Since destroyed brain cells do not regenerate the way cells in other areas of the body do, damage to the pons is almost always irreversible. Very few people have made a full or even a significant partial recovery from locked-in syndrome.
Things That Cause Locked-In Syndrome
Locked-in syndrome has a few potential causes, some beyond anyone’s control, others preventable. When a person develops locked-in syndrome for an avoidable reason, a medical provider or facility is often to blame. In such situations, the affected person and their loved ones may have grounds for a medical malpractice claim.
The type of pons damage that leads to locked-in syndrome can happen for several reasons, but the two most common are bleeding in the brain and lack of oxygen to the brain. Either can result from a medical event such as a stroke or blood clot, or due to an infection or chronic condition (ALS is a common culprit).
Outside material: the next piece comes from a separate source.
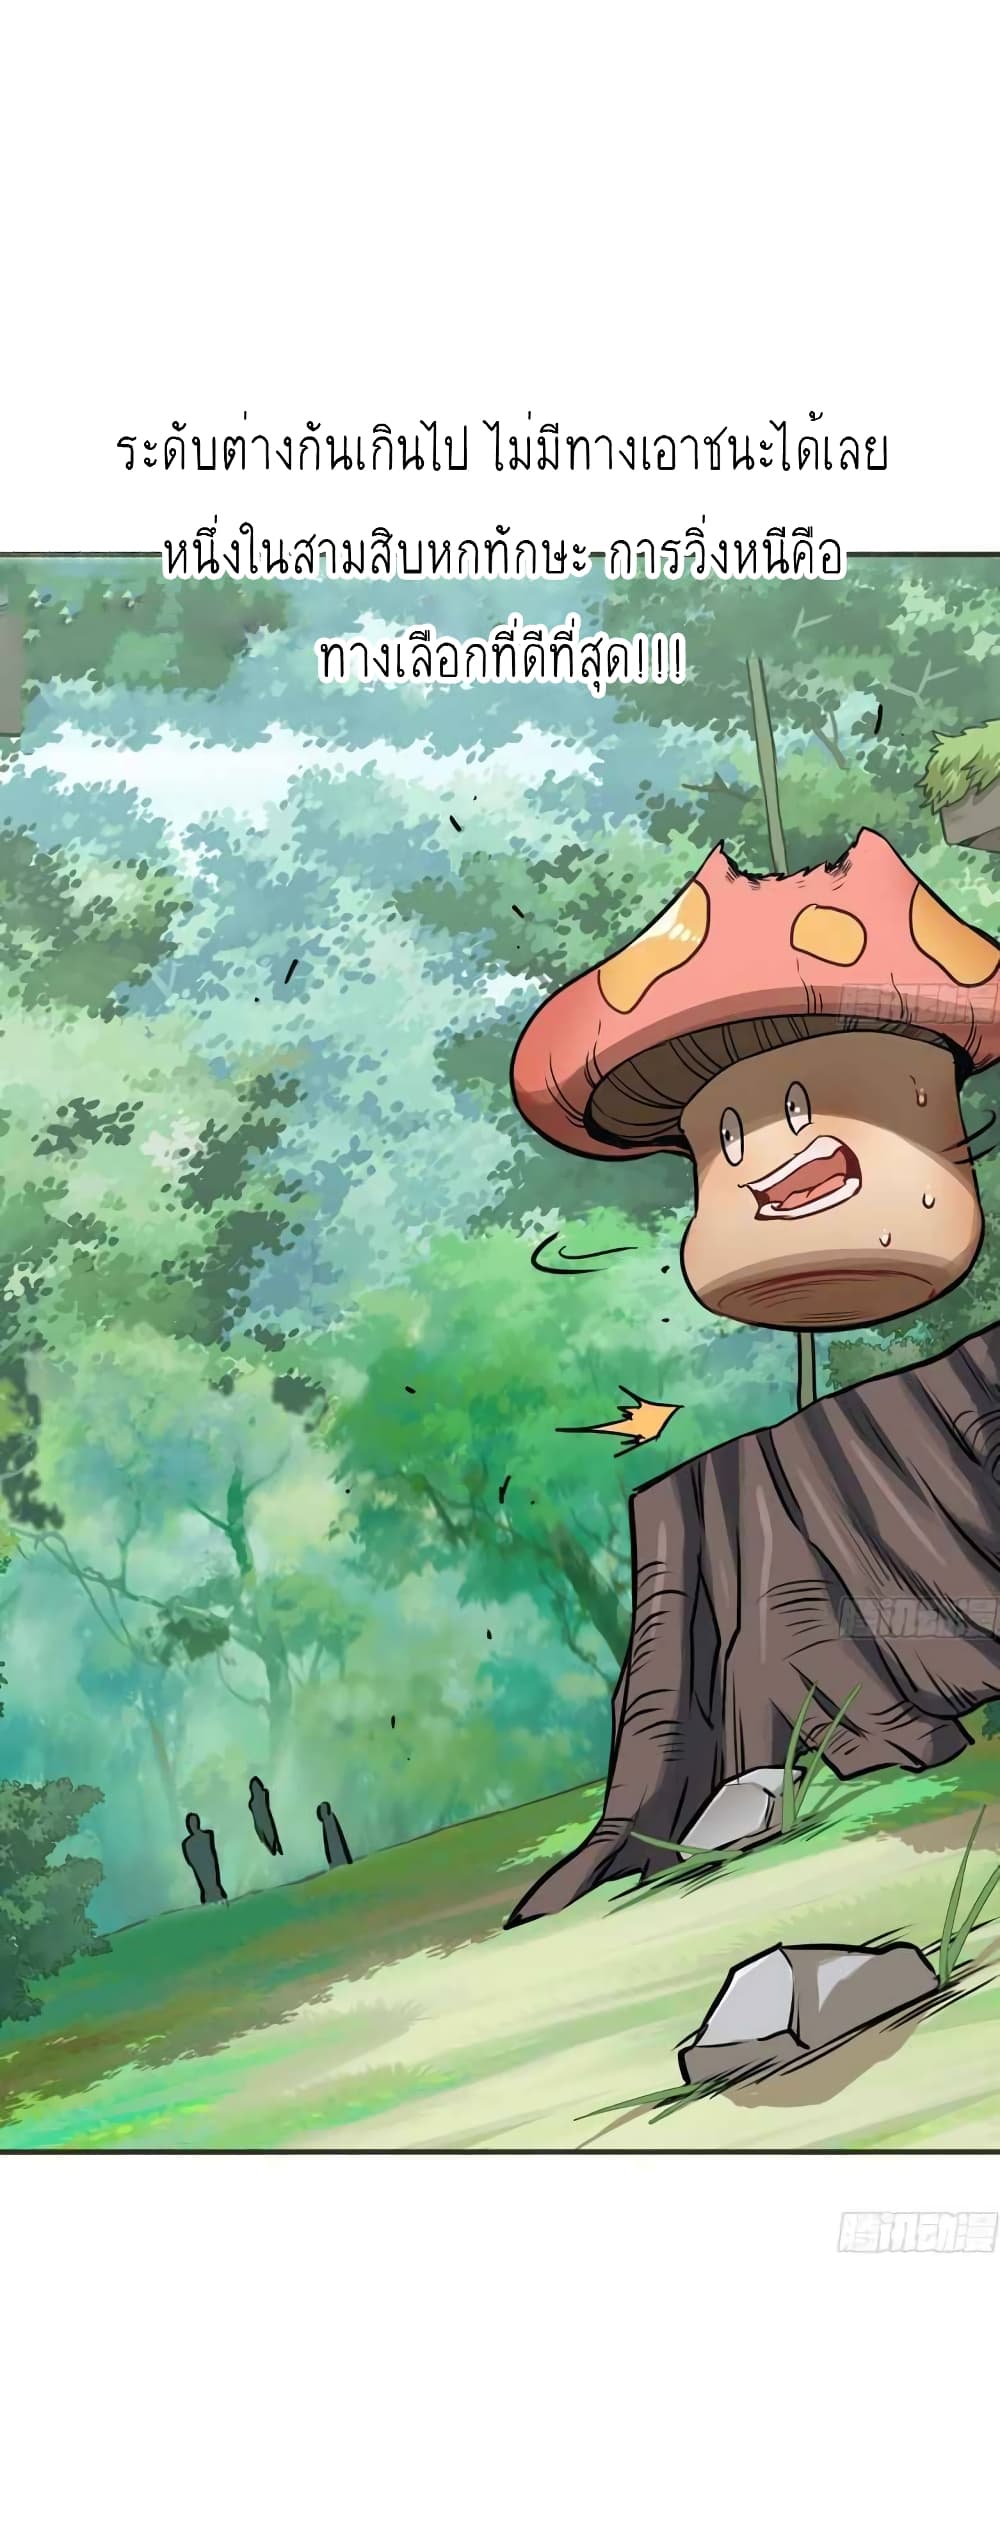 Mushroom Brave6 (7)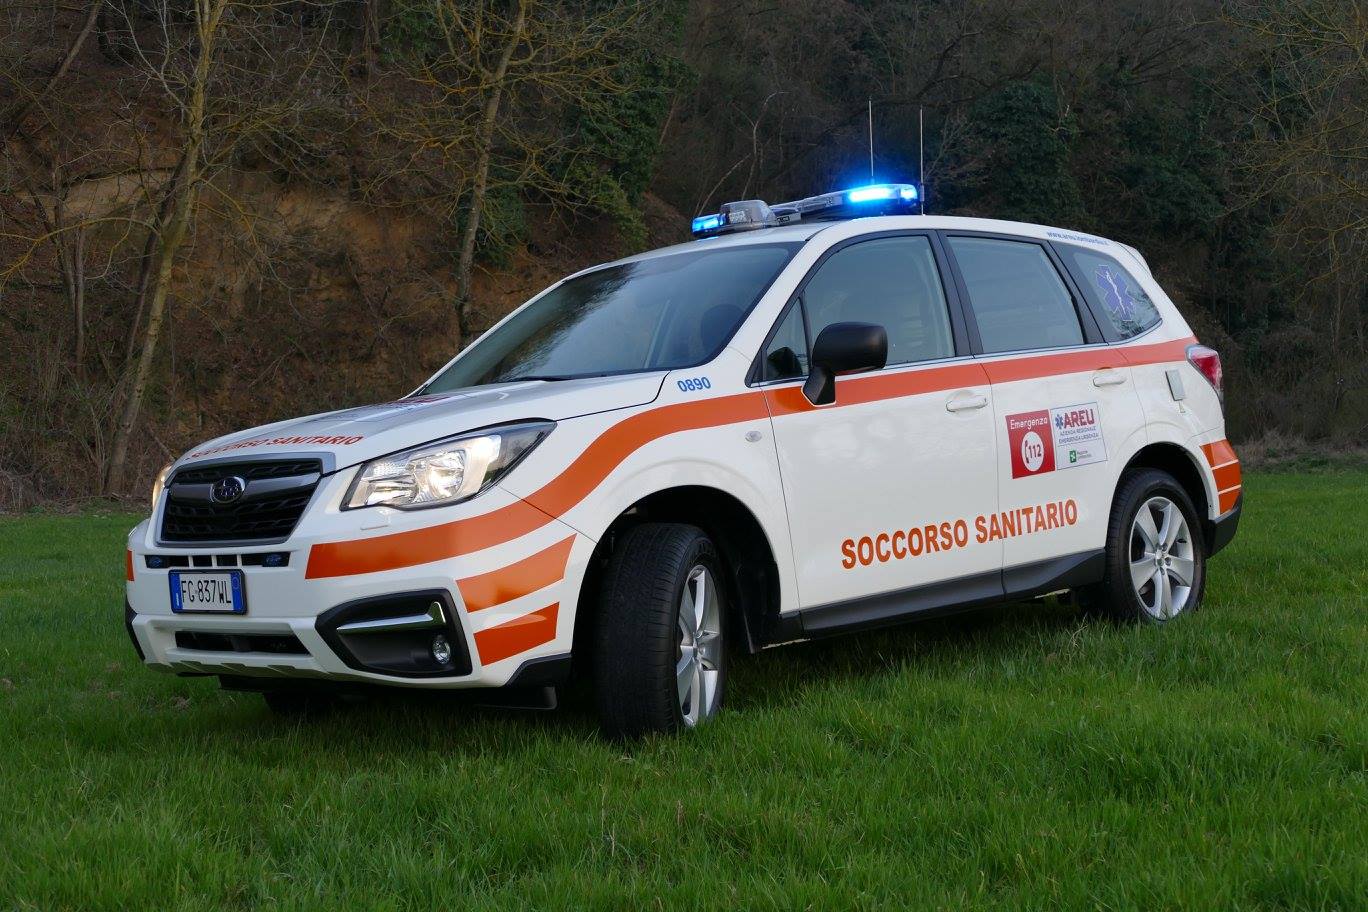 Sono arrivate le prime automediche NUE112, il debutto in Lombardia con Papa Francesco è stato un successo | Emergency Live 14

Head trauma has been linked to locked-in syndrome, as well. Because the condition requires lifelong care and is very expensive to treat, it is worth investigating if another party’s negligence may have contributed to your loved one’s condition. If so, that person, not you or your loved one, should pay the bill.
Life With Locked-In Syndrome
Life with locked-in syndrome can be difficult, but it is not always the miserable existence pictured by people who have not experienced the condition. A patient has no physical capabilities and requires assistance for all daily living activities, even the ones most of us perform unconsciously, such as breathing.
Being able to see, hear, and understand things but not adequately respond to them can be a major source of frustration. Something else unaffected by locked-in syndrome is sleep. Patients have normal sleep/wake cycles.
Treatment of Locked-In Syndrome
Since locked-in syndrome is almost always a permanent condition, treatment is focused not on getting better but on adapting and learning to live, communicate, and have a meaningful life even without one’s physical faculties.
Communication is the most important part of adjusting to locked-in syndrome. Patients can learn to convey their thoughts to loved ones and caregivers via eye movement patterns, but it takes a great deal of effort on both sides to get comfortable with this process.